結論からいうと、任意整理で債権者側に応じてもらえる分割弁済期間の上限は、3年間の36回払いが原則的な取り扱いとなります。

なぜ「3年」の「36回払い」なのかというと、裁判所で行われる特定調停の手続きにおいても裁判所が選任する調停委員が提示する分割弁済期間は3年間の36回払いで組まれるのが通常だからです。

特定調停とは、残存債務額を分割で支払う合意を債務者と債権者の間に成立される手続で、その結果は任意整理とほぼ変わりません。

この特定調停では、裁判所では「残存債務額を3年間の36回払いで分割弁済できるケース」では特定調停を認めてくれますが、「3年間の36回払いでも分割弁済できないようなケース」では特定調停を認めず、自己破産や個人再生の申し立てを勧めるのが一般的な実務上の取り扱いとなっています。

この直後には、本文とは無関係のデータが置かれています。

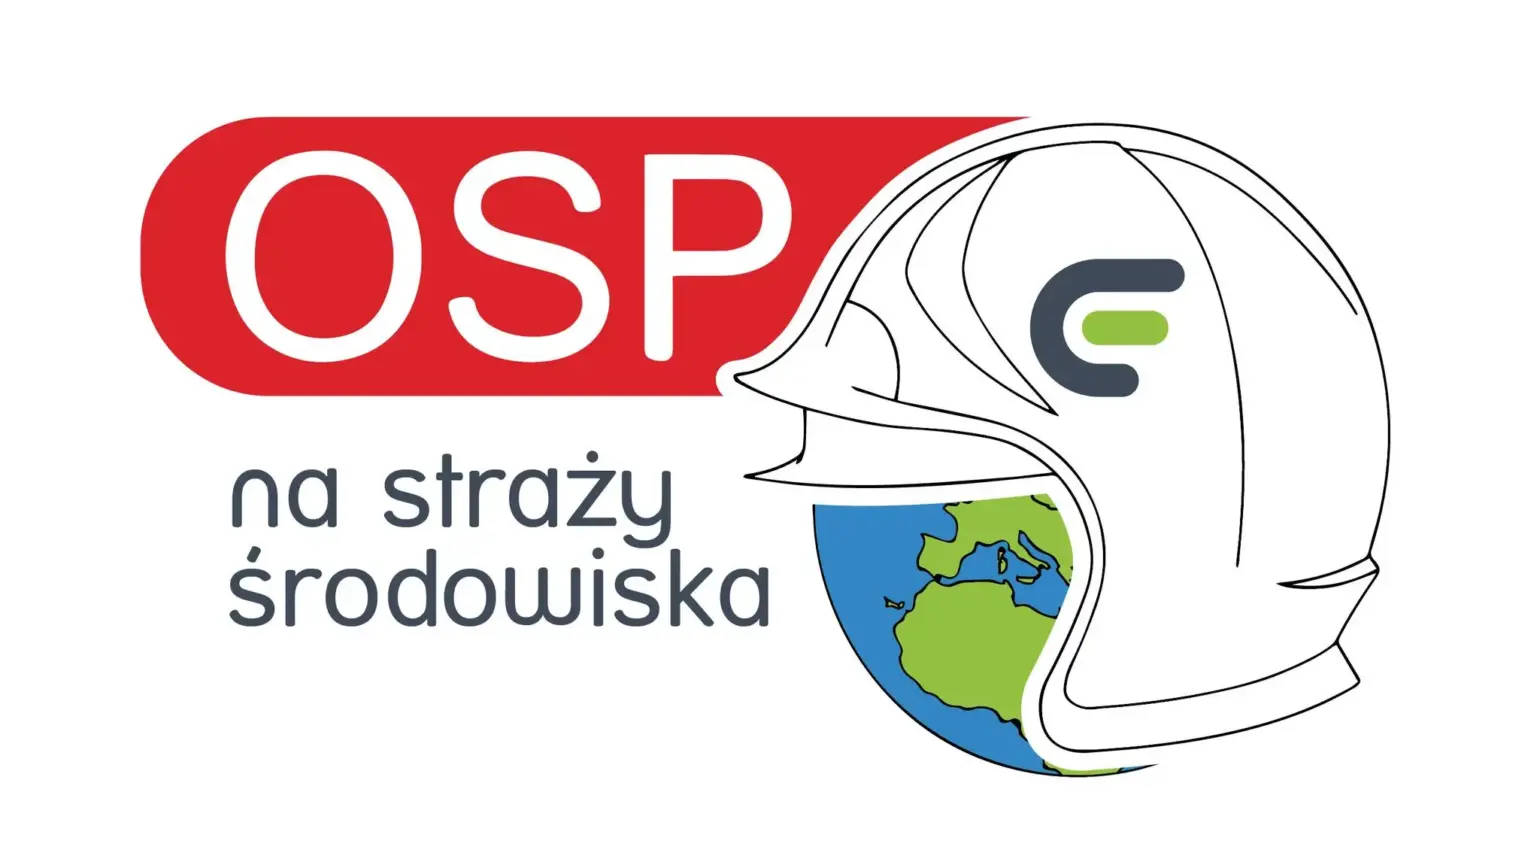 OSP na straży środowiska

ですから、裁判所の判断基準としては「3年間の36回払いで残りの借金を完済できるか」という点が「自己破産や個人再生」と「特定調停(任意整理)」の境界線と考えていることが推測されますので、一般の貸金業者やクレジット会社の方でも「3年の36回払い」までは分割弁済を認めるけれどもそれ以上の分割弁済は認めない、としている会社が多いのです。

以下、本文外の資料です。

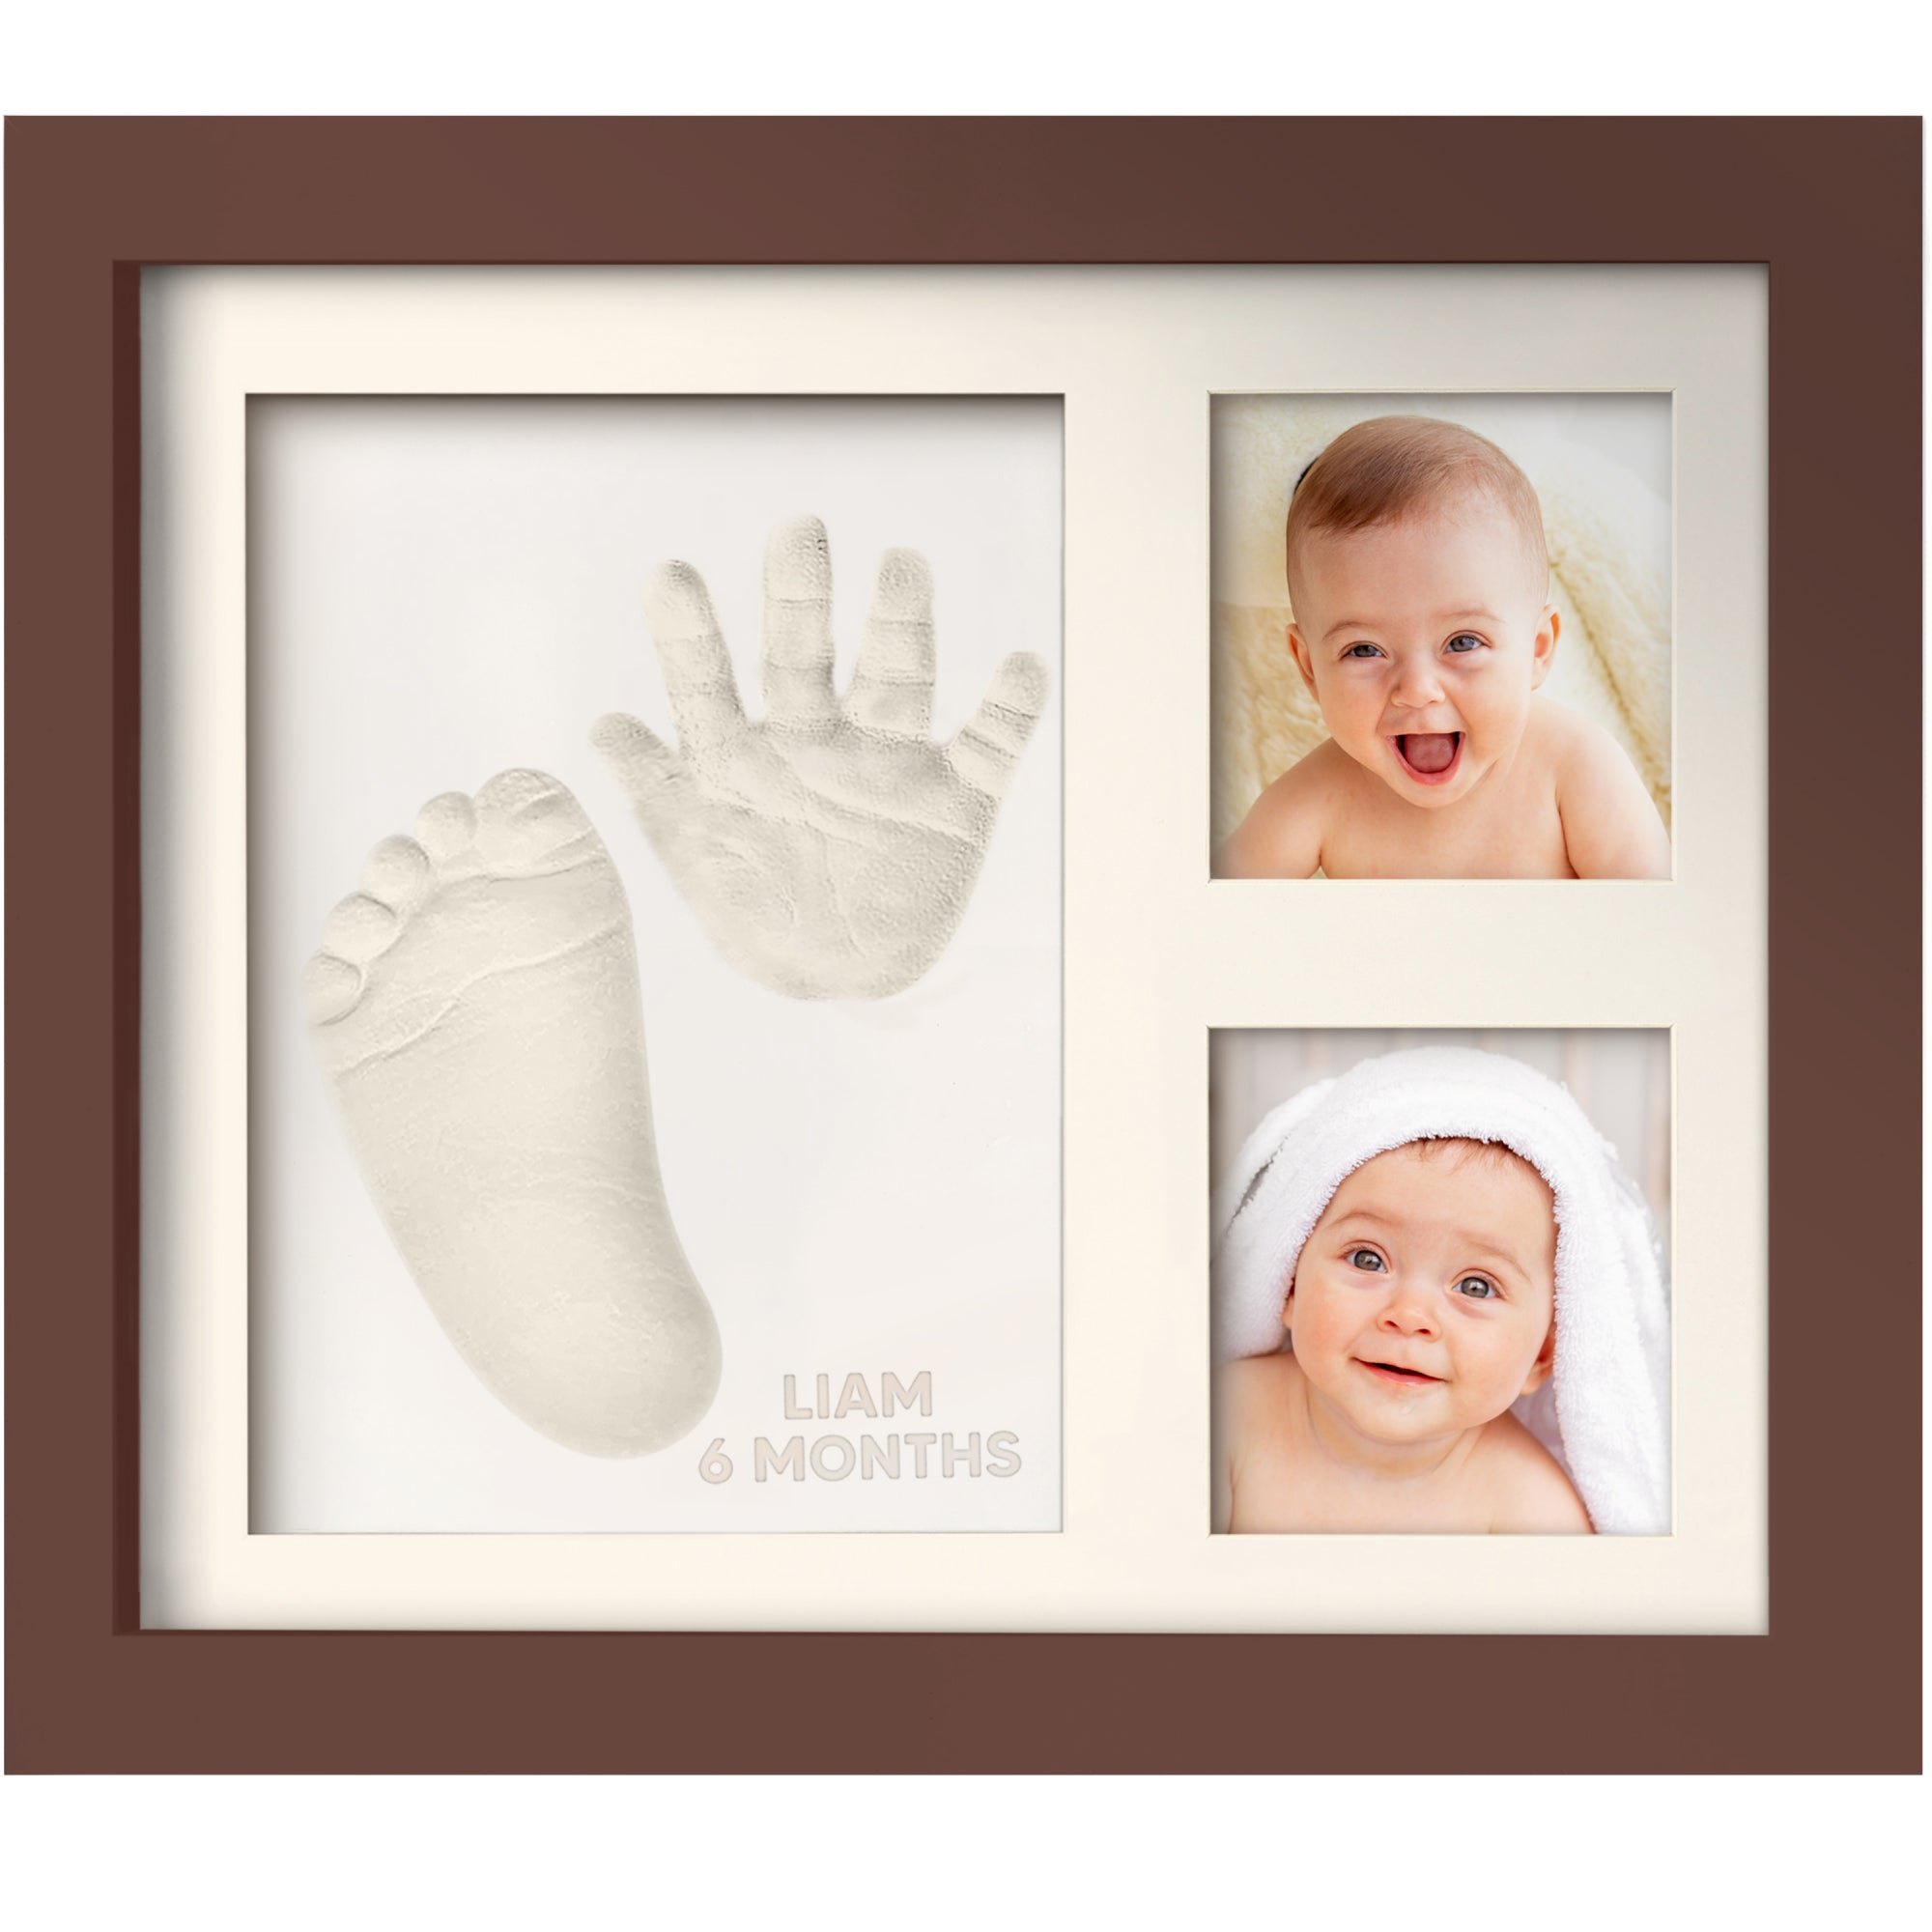 Baby Footprint Ink Pad, Lasting Memories Baby Ink Pad With Paper

したがって、任意整理で債権者が合意してくれる分割弁済期間も「3年の36回払い」が上限ということになります。

債権者によっては5年(60回)程度の長期の分割を認めるところもある

もっとも、全ての債権者が3年の36回払いまでしか任意整理での分割弁済を認めないというのではなく、債権者によっては5年の60回払いまで認めてくれるところもあります。

ただし、5年(60回)の分割払いを認めてくれるのは例外的な債権者に限られますので、ほとんどの債権者は3年(36回)の分割にしか応じないということは認識しておいた方が良いでしょう。

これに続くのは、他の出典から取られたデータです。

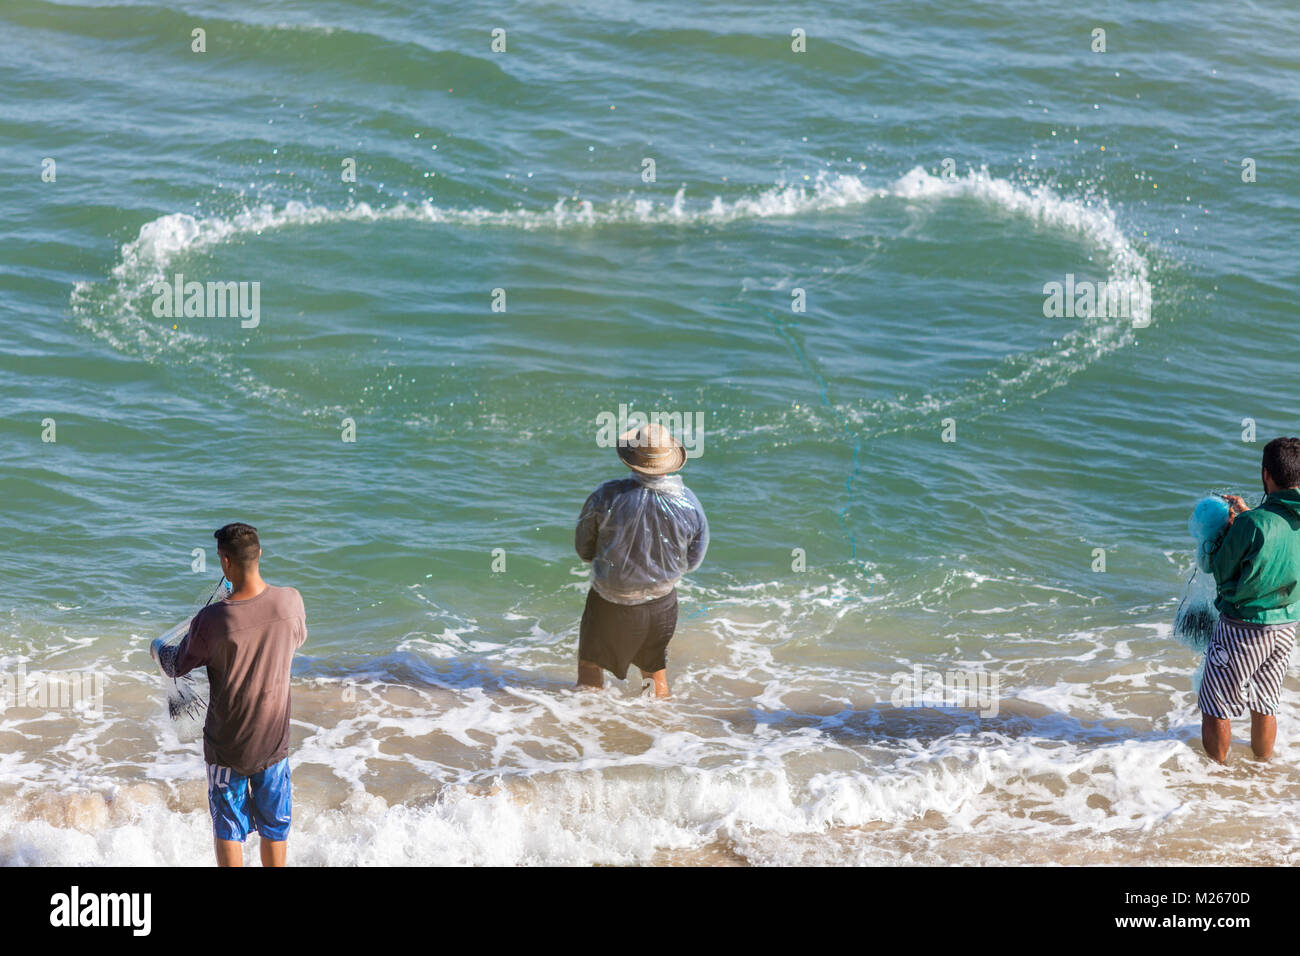 The Fishermen in South Brazil Stock Photo

どの債権者が5年(60回)まで認めてくれるかはその会社の方針などもあって不明ですが、一般的に消費者金融などの貸金業者では3年(36回)を超える分割弁済を認めてくれないところがほとんどですが、クレジット会社(商品代金のローンなど)では5年(60回)程度の長期の分割を認めてくれるところも比較的多くあるように思います。

ただし、このように5年(60回)程度の長期の分割を認めてくれる債権者であっても一律に無条件で認めてくれるわけではなく、債務者のこれまでの弁済状況(過去に滞納がどの程度あったかなど)や返済原資の確保状況(毎月の収入や家計の支出)などを考慮して不適格と認められれば3年(36回)を超える分割を認めてくれない場合も有りますので注意が必要です。

3年(36回)の分割で弁済できないような金額の借金がある場合には自己破産を検討する方が良い

以上のように、任意整理で債権者が合意してくれる分割弁済の期間は3年間(36回)が目安となりますので、3年(36回)で分割弁済できないような借金がある場合には、自己破産かもしくは個人再生を検討した方が良いと思います。

このあたりの判断は最終的に債務整理を依頼する弁護士や司法書士が行うことになりますが、いずれにしても、3年(36回)を超える分割弁済が認められるのは極めてまれなケースと考えて置いた方が良いでしょう。